As for grep itself, it has had many incarnations over the decades with various pluses and minuses.

The current GNU grep allows 3 kinds of regex, basic/extended/perl -- the latter being what ack supports.

Note that Perl regexes have extensions beyond regular languages that are inherently slower than the automata specified by basic regexes. Power versus speed.

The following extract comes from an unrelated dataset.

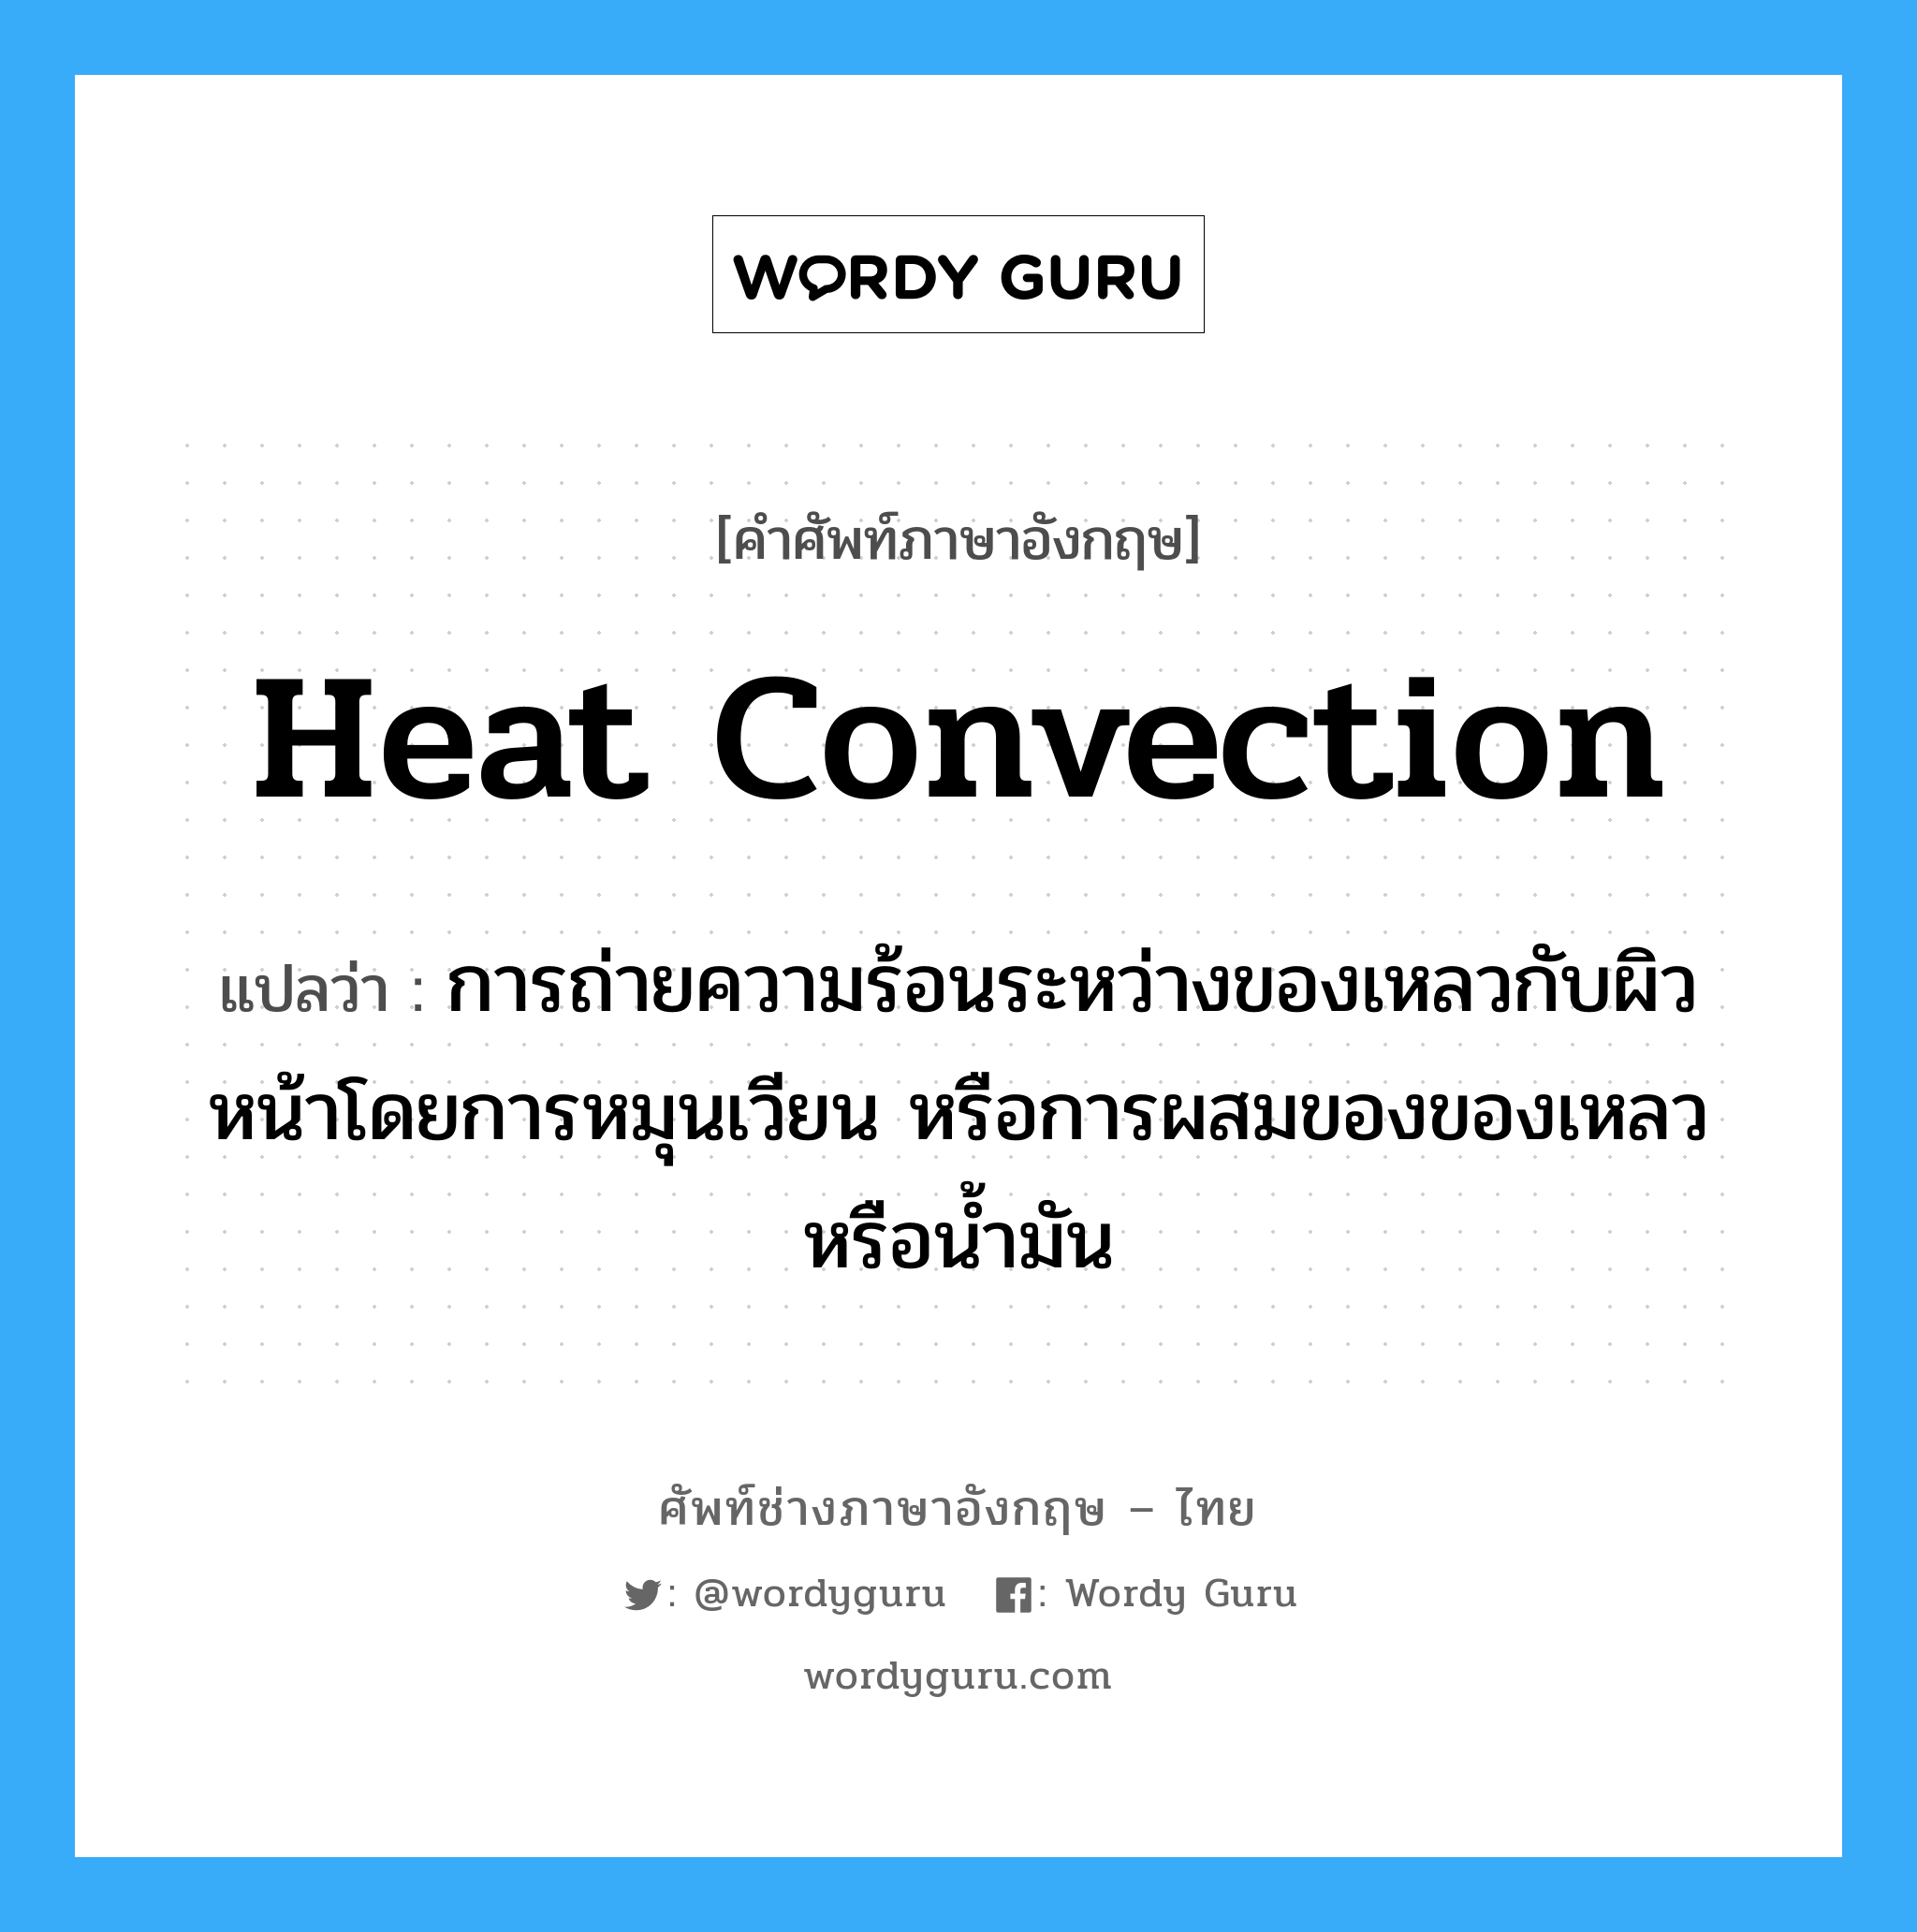 heat convection แปลว่า?, คำศัพท์ช่างภาษาอังกฤษ - ไทย heat convection คำศัพท์ภาษาอังกฤษ heat convection แปลว่า การถ่ายความร้อนระหว่างของเหลวกับผิวหน้าโดยการหมุนเวียน หรือการผสมของของเหลวหรือน้ำมัน

E.g. grep(1): "Back-references are very slow, and may require exponential time."

For further info:

> why GNU grep is fast > Mike Haertel mike at ducky.net > Sat Aug 21 03:00:30 UTC 2010

> Here's a blog post from 2006 about a developer trying to "beat grep" and looking at the algorithms it uses; it goes into a little more detail about the "doesn't need to do the loop exit test at every step" optimization mentioned in this email.

http://ridiculousfish.com/blog/posts/old-age-and-treachery.h...

via

https://lists.freebsd.org/pipermail/freebsd-current/2010-Aug...

The best writeup is surely by the inimitable Russ Cox, who really really explains clearly when grep as of 2007 was one of the only fast regex implementations:

Regular Expression Matching Can Be Simple And Fast [#1] (but is slow in Java, Perl, PHP, Python, Ruby, ...)

Russ Cox 2007 jan

http://swtch.com/~rsc/regexp/regexp1.html

(This is a 4 part series but IIRC part 1 has the highlights)

I'm sure that various other tools have been strongly influenced by this famous essay, and so many more things may be as fast as grep by now, but still...

P.S. one of the other high profile "ack"-like search tools would be "ag", aka "The Silver Surfer".

"The Silver Searcher is a 3-5x faster drop in replacement for ack (which itself is better than grep)."

2013

https://www.reddit.com/r/programming/comments/16bvah/the_sil...


Seems that most time for grep was spent waiting on disk. This underlines the reason look may be significantly faster: actually reading the bad lines may take time.